The results show that there is only 1 error and and the error rate is 0.0263

### Function for K Nearest Neighbours

In [10]:
def knn(X_train, y_train, X_test, k=1):
    
    y_pred = []
    
    for x_i in X_test:

        ed = []
        ed_mins = []
        
        for x in X_train:
            d = 0
            i = 0
            
            while i < len(x):
                d += (x[i]-x_i[i])**2
                i += 1
                
            d = np.sqrt(d)
            ed.append(d)
            
            if len(ed_mins) < k:
                ed_mins.append(d)
            else:
                ed_mins_max_i = np.argmax(ed_mins)
                if d < ed_mins[ed_mins_max_i]:
                    ed_mins[ed_mins_max_i] = d
        
        arr = []
        for i in ed_mins:
            arr.append(y_train[ed.index(i)])
        
        votes = {}
        
        for i in arr:
            if i in votes:
                votes[i] += 1
            else:
                votes[i] = 1

        num_votes = 0
        top_class = 0
        
        for key, val in votes.items():
            if val > num_votes:
                num_votes = val
                top_class = key
        
        y_pred.append(top_class) 
        
    return y_pred

In [11]:
y_pred_knn = knn(X_train, y_train, X_test, 3)
n_errors, r_errors = compute_errors(y_pred_knn, y_test)
print('Number of errors:', n_errors)
print('Error rate:', r_errors)

Number of errors: 1
Error rate: 0.0263157894737


The KNN algorithm for k=3 gives the same error results as the k=1 Algorithm.

### Testing results against scikit learn method

In [12]:
from sklearn.neighbors import KNeighborsClassifier 
knn_test = KNeighborsClassifier(n_neighbors=3)
knn_test.fit(X_train, y_train)
prediction = knn_test.predict(X_test)
n_errors_test, r_errors_test = compute_errors(prediction, y_test)
print('Number of errors:', n_errors_test)
print('Error rate:', r_errors_test)

Number of errors: 1
Error rate: 0.0263157894737


Results from the scikit learn method gives the same results.

### Ionsphere Dataset

In [13]:
X2 = np.genfromtxt('ionosphere.txt', delimiter=',', usecols=np.arange(34))
y2 = np.genfromtxt('ionosphere.txt', delimiter=',', usecols=34, dtype='int')
X2_train, X2_test, y2_train, y2_test = train_test_split(X2, y2, random_state=100)

For this new dataset, I will be using the knn method I created earlier.

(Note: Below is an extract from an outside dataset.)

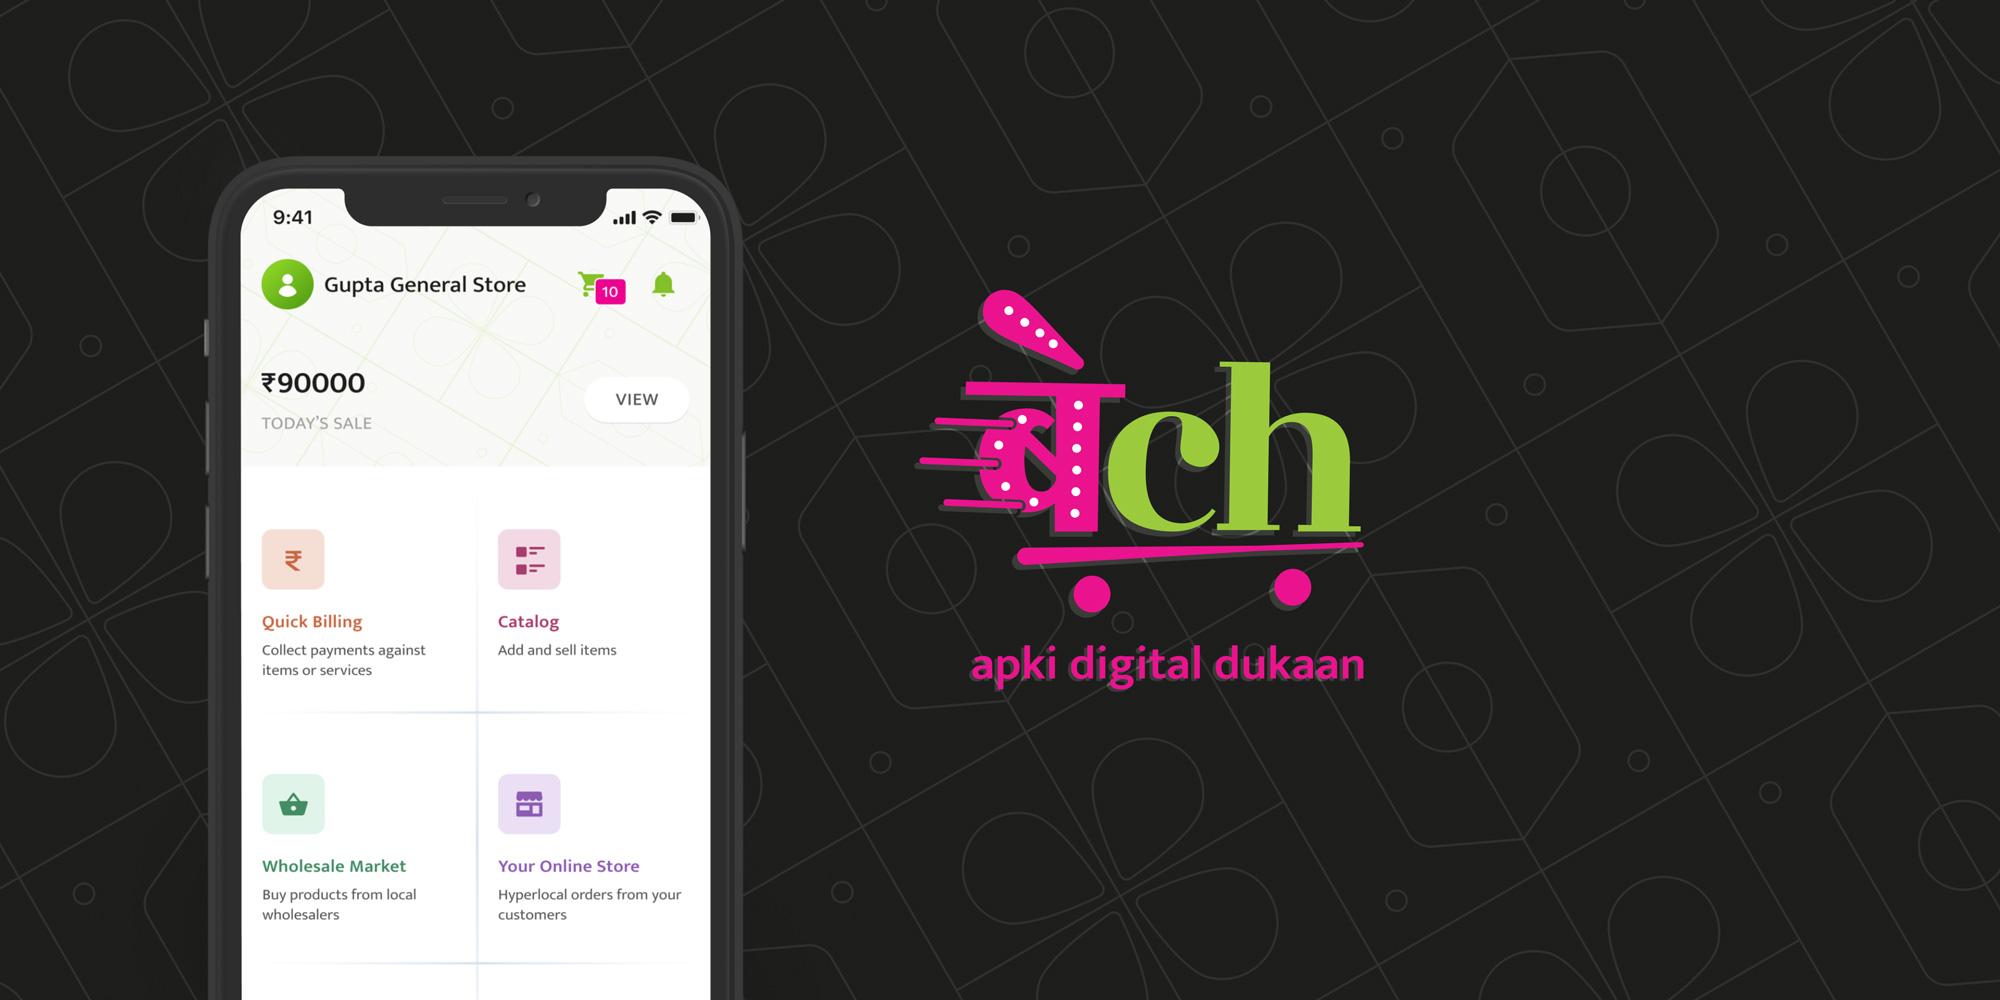 Bech app home screen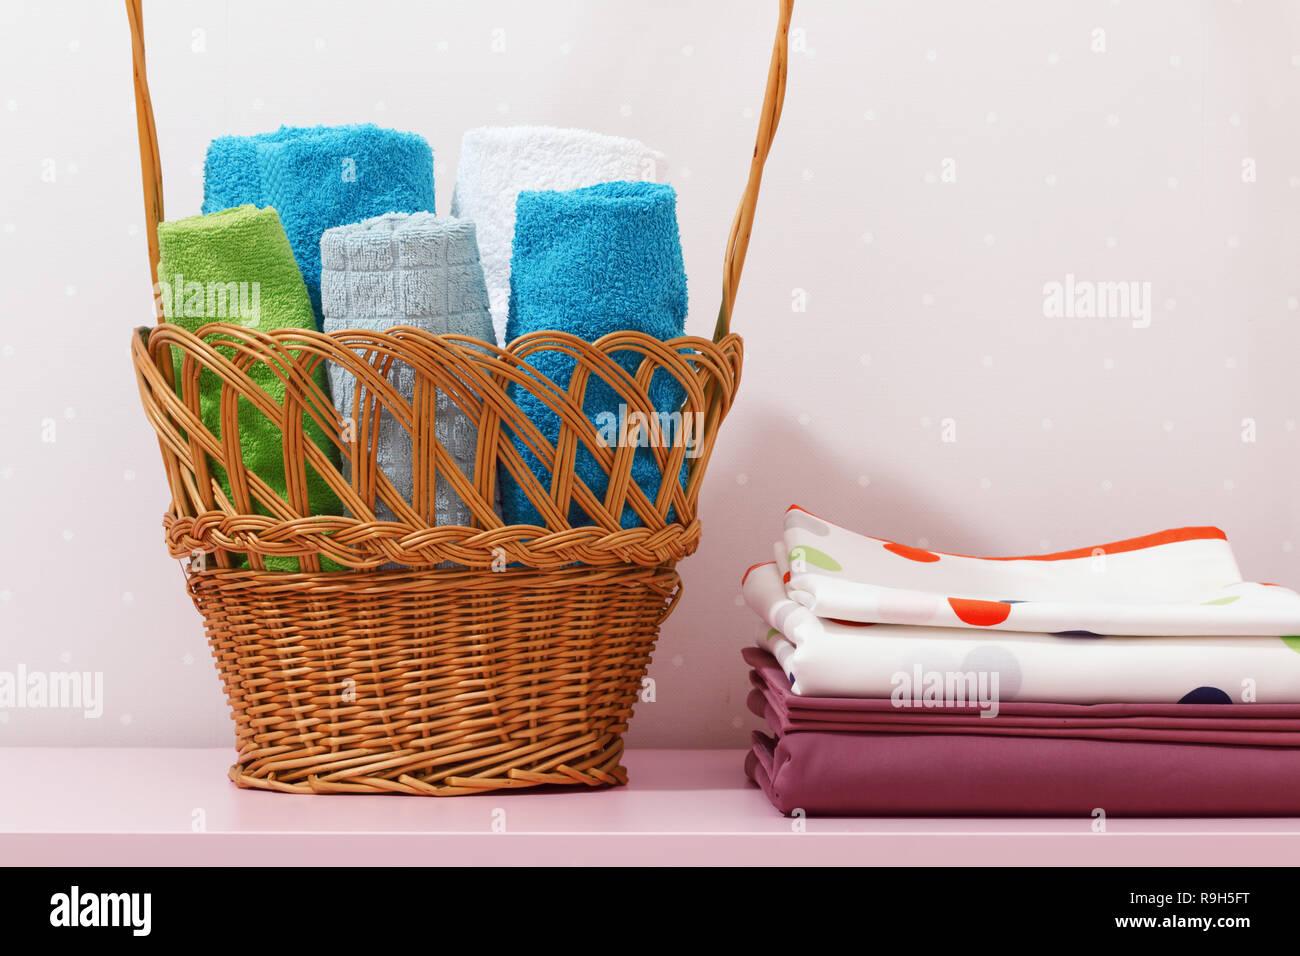 Auf Der Kommode Gibt Es Einen Stapel Sauber Gebügelte Bettwäsche Und

Since the method handles a general K, I can use it for 1 nearest neighbour also.

### One Nearest Neighbour

In [14]:
y2_pred_nn = knn(X2_train, y2_train, X2_test, k=1)
n2_errors, r2_errors = compute_errors(y2_pred_nn, y2_test)
print('Number of errors:', n2_errors)
print('Error rate:', r2_errors)

Number of errors: 10
Error rate: 0.113636363636


For this dataset, there are 10 errors and an error rate of 0.114.

### Three Nearest Neighbours

In [15]:
y2_pred_knn = knn(X2_train, y2_train, X2_test, 3)

n2_errors, r2_errors = compute_errors(y2_pred_knn, y2_test)
print('Number of errors:', n2_errors)
print('Error rate:', r2_errors)

Number of errors: 12
Error rate: 0.136363636364


When using 3 Nearest Neighbours, there are 12 errors and an error rate of 0.136. 

### Testing results against scikit-learn method

In [18]:
from sklearn.neighbors import KNeighborsClassifier 
knn_test = KNeighborsClassifier(n_neighbors=3)
knn_test.fit(X2_train, y2_train)
prediction = knn_test.predict(X2_test)
n2_errors, r2_errors = compute_errors(prediction, y2_test)
print(n2_errors)
print(r2_errors)

12
0.136363636364


When using the scikit-learn method, the results are the same.